Он встал с постели и начал ходить по комнате из угла в угол. Сарамалла также встал и подошел к окну. Не было иного выхода, чем подождать пока царь остынет.

Царь вдруг перестал ходить взад и вперед и тоже подошел к окну.

– А как быть с Элохимом, Родо, если ты передумал жениться на его дочке?

– Как «как»? Никак! С ним нечего больше на х*й церемониться!

– Убрать его?

– Да, убрать на х*й! На месте, где поймают!

– Но кому поручить, Родо? У нас есть хорошие головорезы. Но не надо пачкать руки наших идумейских парней в крови Элохима. Иудеи не простят. Лучше это перепоручить римлянам.

– Римлянам!? Ты что ох*ел!? Просить цезаря?

– Нет, зачем беспокоить цезаря по пустякам.

– Но откуда мне взять римского головореза?

– А вот он! У тебя под носом. Посмотри в окно! Вот тот, который сидит на мраморной плите. Видишь? Сидит и изнывает от безделия. Я его давно приметил. Знаю все о нем. Он из тех, кто за деньги перережет горло родной матери.

– Ублюдок!

– Но нам такой и нужен.

 

– Рожа мерзкая. Но делай, как хочешь. Только не откладывай.

– Не беспокойся. Я поговорю с ним сейчас же. Он мигом его уберет.

– Думаешь, справится с Элохимом один?

– Будем надеяться. Он все равно не видел Элохима в лицо. Наши парни ему покажут его, а заодно и помогут, в случае надобности.

Царь долго и внимательно рассматривал римлянина, словно хотел понять, что это за существо, но никак не мог.

– Этот ублюдок даже на человека не похож, не то что на римлянина. Лохматый зверь какой-то!
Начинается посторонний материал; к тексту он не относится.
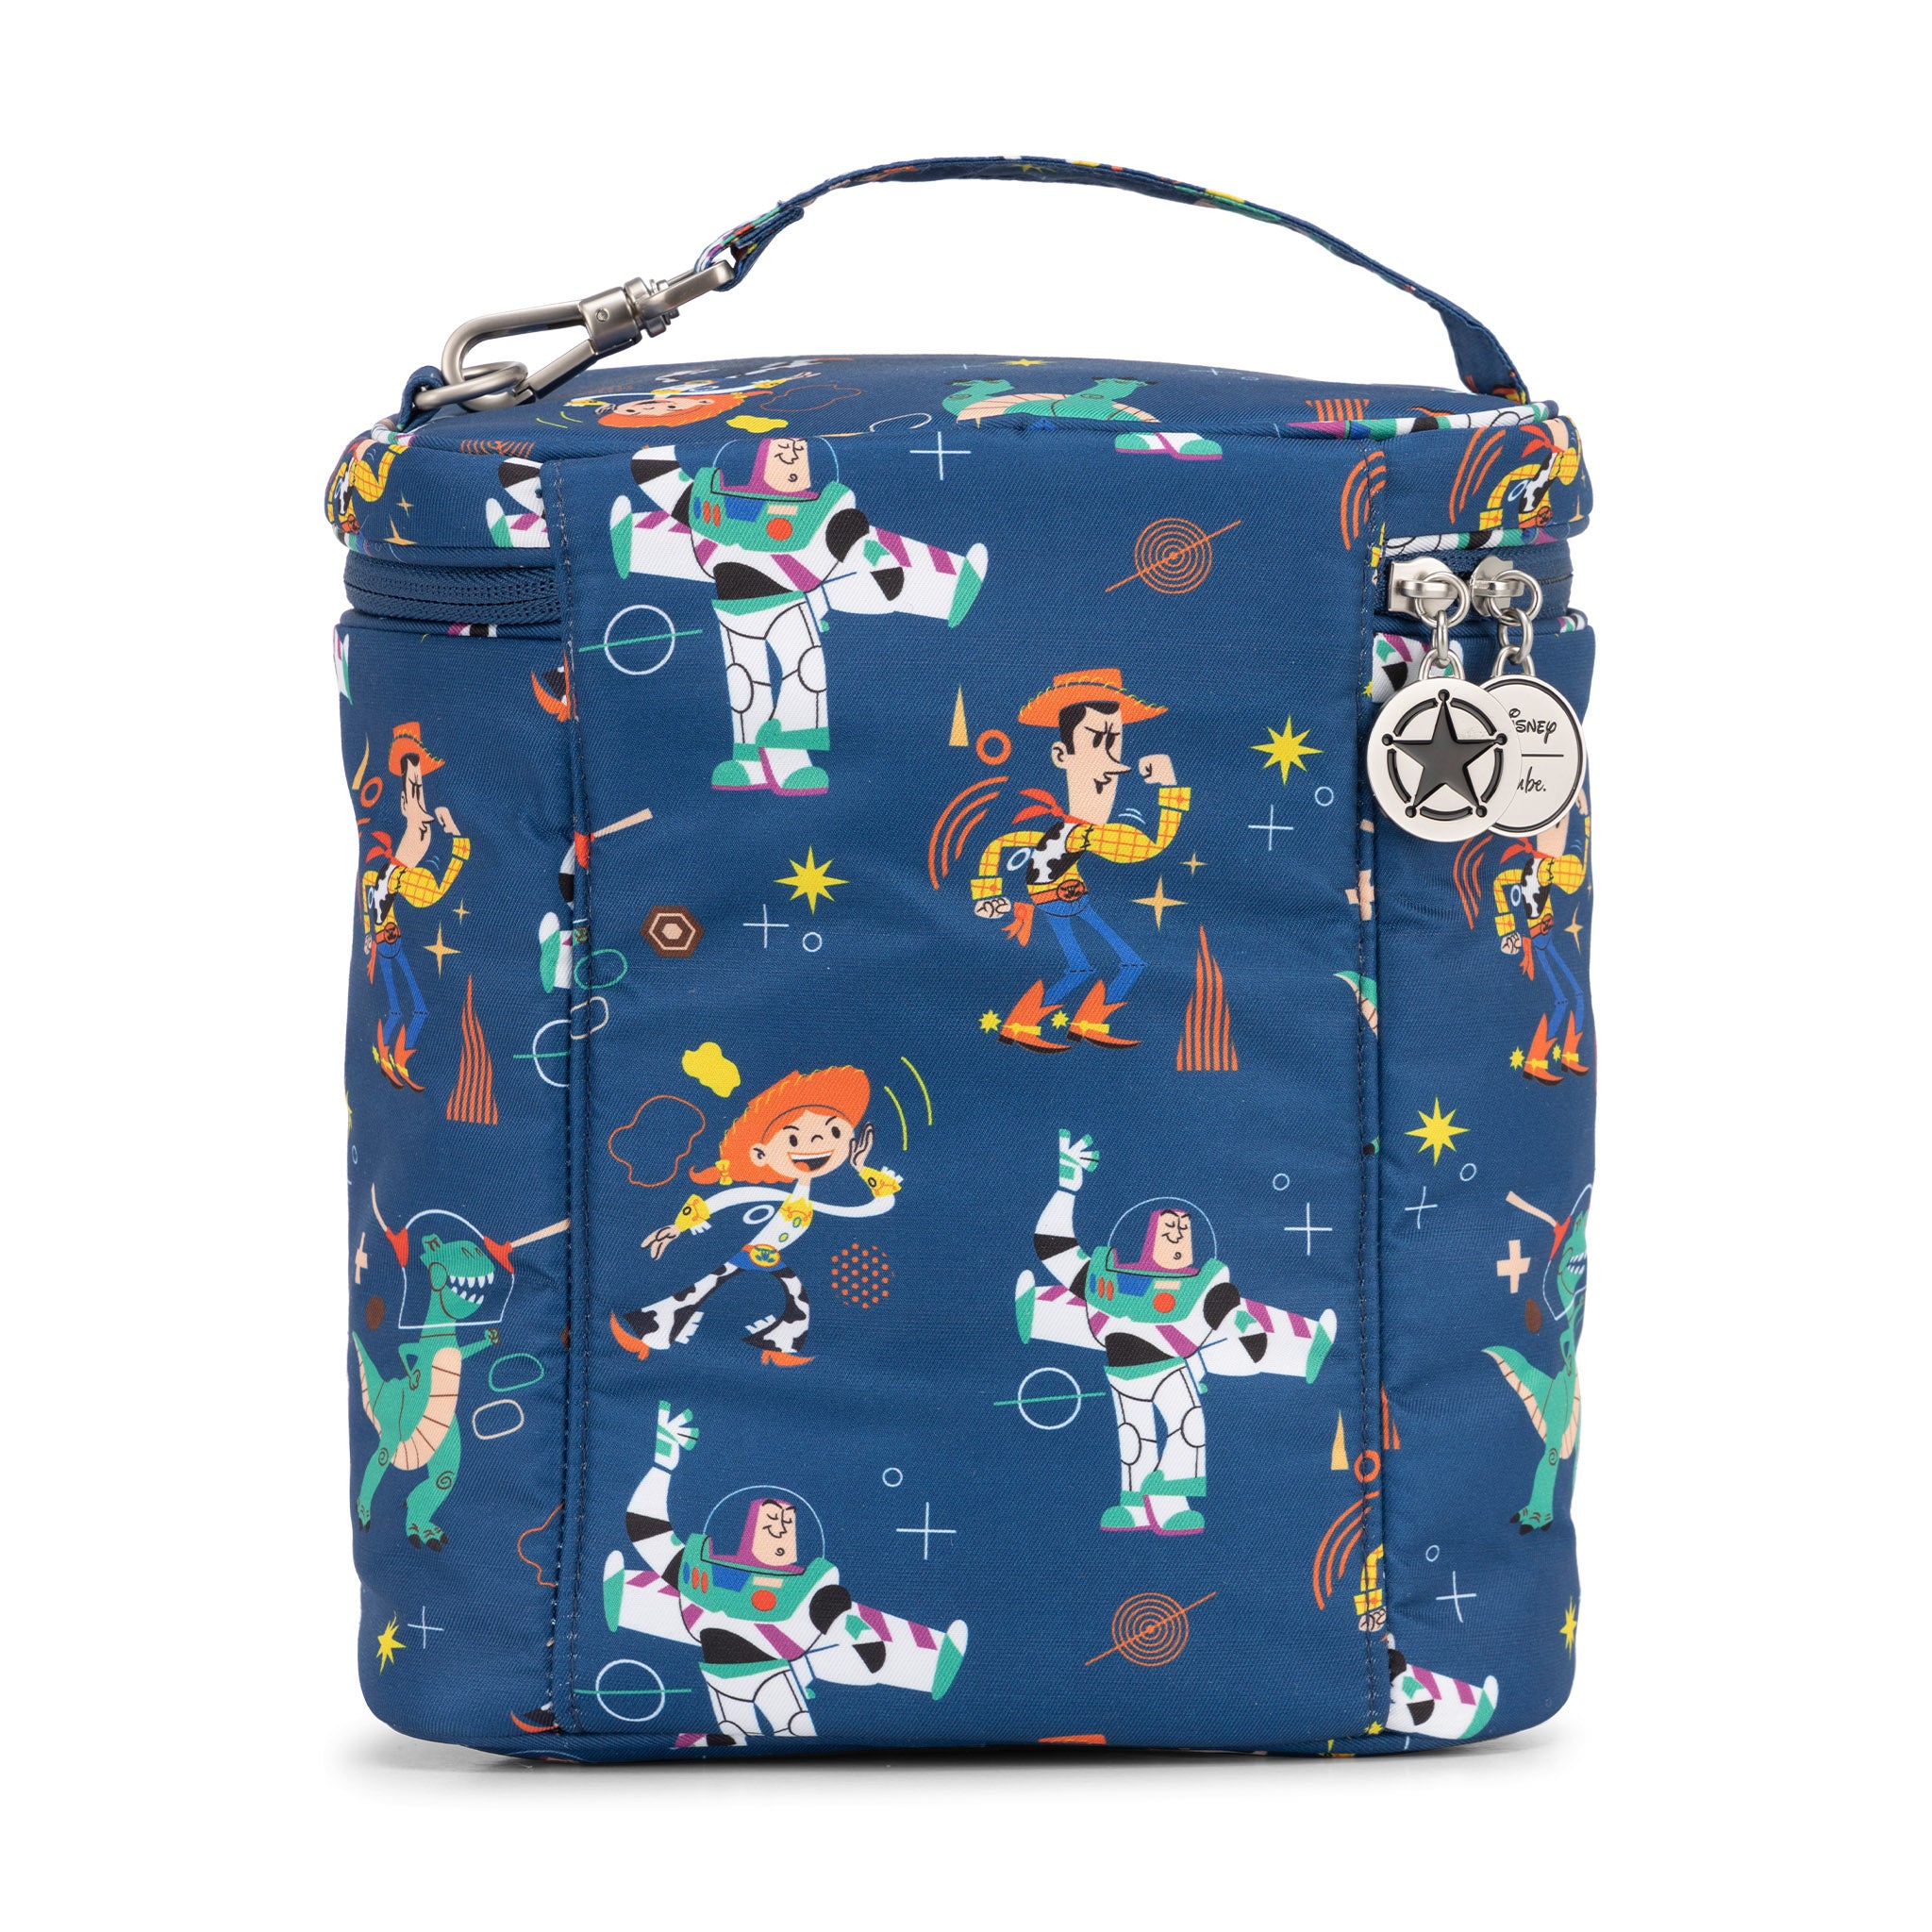 Jujube Disney Pixar Fuel Cell insulated bag back view

– Родом он из Сидона. Но получил римское гражданство за лютость в бою. Дерется как зверь.

– Как его зовут?

Сарамалла многозначительно улыбнулся и ответил:

– Пантера.

96

Пантера сидел на мраморной плите и поджидал Дворцового Шута. Тот был единственным человеком во Дворце, с которым он подружился. Пантере нравились остроты шута. А того забавляло, как Пантера со звериной непосредственностью ржал над всеми его остротами, независимо от того, смешны они или нет.

Он говорил, кряхтя, кратко и отрывисто, странно смешивая латынь с иудейскими и идумейскими словами. Но понять его было нетрудно, поскольку он говорил тогда, когда ему что-то хотелось. А хотел он не так много – пить, есть и спать, о чем всякий раз легко было догадаться и без слов по его требовательной физиономии.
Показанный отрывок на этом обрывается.